The experience of former NSA senior executive Thomas Drake who shared unclassified information about that agency’s wasteful ways with a reporter is more typical of what leakers should expect.  Although the Justice Department eventually dropped the most serious charges against him — he pled guilty to a single misdemeanor — he lost his job and his pension, went bankrupt, and has spent years working at an Apple store after being prosecuted under the World War I-era Espionage Act.  “My social contacts are gone, and I’m persona non grata,” he told Defense One last year. “I can’t find any work in government contracting or in the quasi-government space, those who defend whistleblowers won’t touch me.”

Petraeus, on the other hand, shared with his lover and biographer eight highly classified “black books” that the government says included “the identities of covert officers, war strategy, intelligence capabilities and mechanisms, diplomatic discussions, quotes and deliberative discussions from high-level National Security Council meetings, and defendant David Howell Petraeus’s discussions with the President of the United States of America.”  Petraeus was prosecuted, pled guilty, and was sentenced to two years of probation and fined $100,000.

Yet it’s Petraeus who today moves in rarified circles and through hallowed halls, with memberships and posts at one influential institution after another.  In addition to the positions he mentioned at New America, his CV includes: honorary visiting professor at Exeter University, co-chairman of the Task Force on North America at the Council on Foreign Relations, co-chairman of the Global Advisory Committee at the Woodrow Wilson International Center for Scholars, member of the Concordia Summit’s Concordia Leadership Council, member of the board of trustees at the McCain Institute for International Leadership, member of the National Security Advisory Council of the U.S. Global Leadership Coalition, and a seat on the board of directors at the Atlantic Council.

Brand Petraeus

About a year ago, I tried to contact Petraeus through KKR as well as the Macaulay Honors College at the City University of New York, to get a comment on a story.  I never received a reply.
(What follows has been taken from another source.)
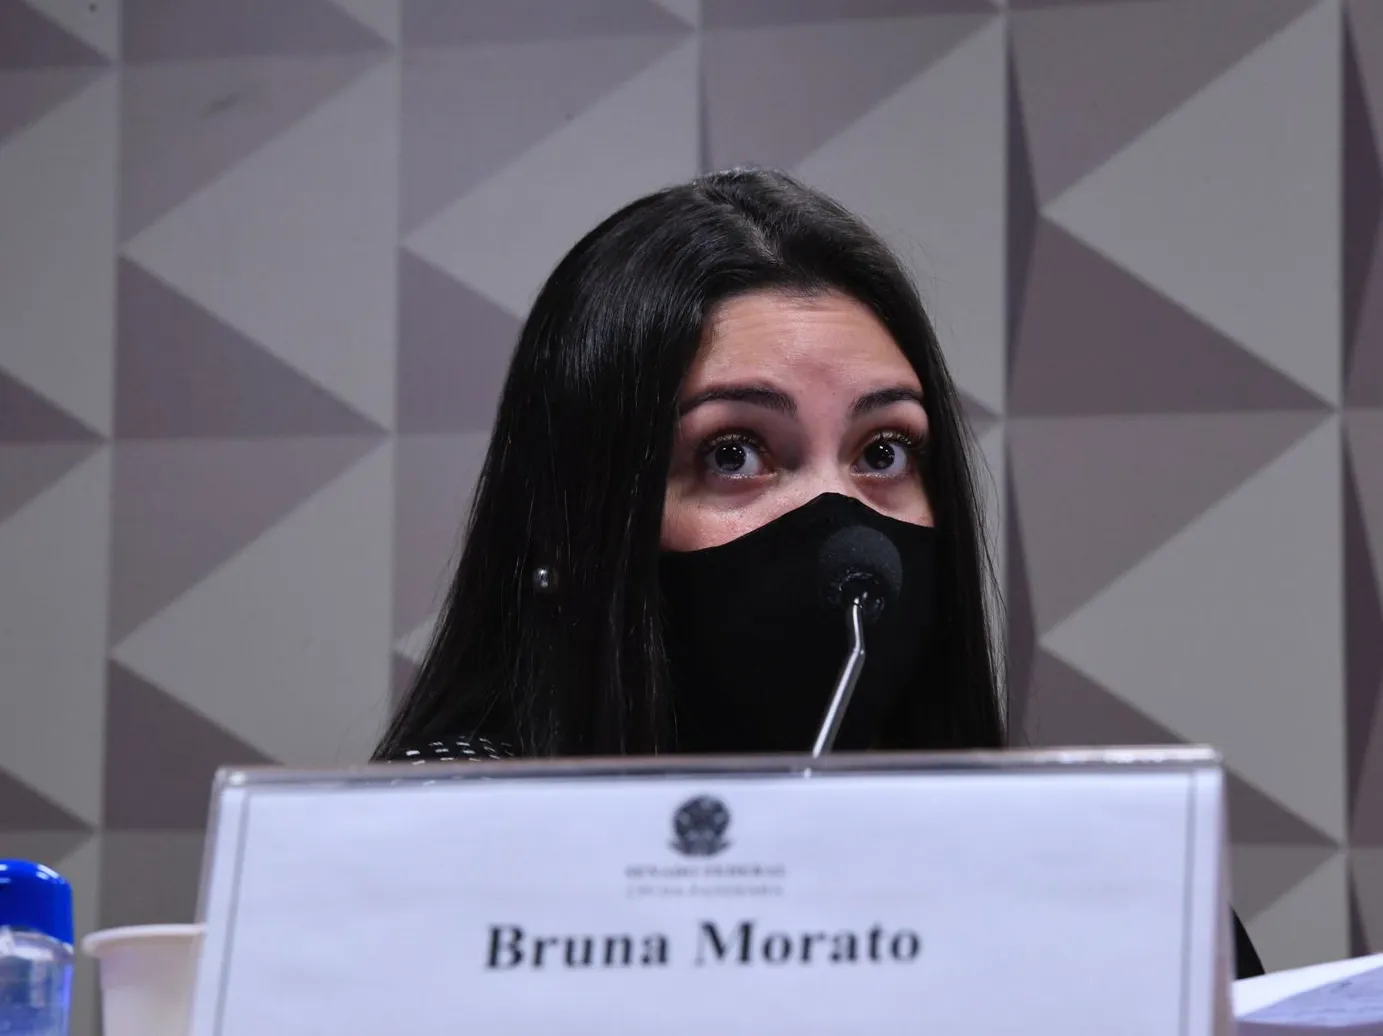 Bruna Mendes Morato diz que funcionários da operadora de saúde sofriam punições caso não adotassem os medicamentos

I figured he was ducking me — or anyone asking potentially difficult questions — or that his gatekeepers didn’t think I was important enough to respond to.  But perhaps he was simply too busy.  To be honest, I didn’t realize just how crowded his schedule was.  (Of course, FT’s Edward Luce reports that when he sent Petraeus an email invite, the retired general accepted within minutes, so maybe it’s because I wasn’t then holding out the prospect of a meal at the Four Seasons.)

I attended the New America event because I had yet more questions for Petraeus.  But I wasn’t as fortunate as Fred Kaplan — author, by the way, of The Insurgents: David Petraeus and the Plot to Change the American Way of War — and wasn’t quite speedy or nimble enough to catch the former general before he slipped into the backseat of that luxurious Mercedes sedan.

Irving Berlin’s “What Can You Do With A General?” ends on a somber note that sounds better in Crosby’s dulcimer tones than it reads on the page: “It seems this country never has enjoyed, so many one and two and three and four-star generals, unemployed.”

Today, a member of the Joint Chiefs of Staff retiring after 38 years receives a pension of about $20,000 a month, not exactly a shabby unemployment check for the rest of your life, but one that many in the tight-knit fraternity of top officers are still eager to supplement.  Take General Cartwright, who joined Raytheon in 2012 and, according to Morningstar, the investment research firm, receives close to $364,000 per year in compensation from that company while holding more than $1.2 million in its stock.  

All of this left me with yet more questions for Petraeus (whose pension is reportedly worth more than $18,000 per month or $220,000 per year) about a mindset that seems light years distant from the one Marshall espoused during his retirement.  I was curious, for instance, about his take on why the winning of wars isn’t a prerequisite for cashing in on one’s leadership in them, and why the personal and professional costs of scandal are so incredibly selective. 

Today, it seems, a robust Rolodex with the right global roster, a marquee name, and a cultivated geopolitical brand covers a multitude of sins.  And that’s precisely the type of firepower that Petraeus brings to the table.   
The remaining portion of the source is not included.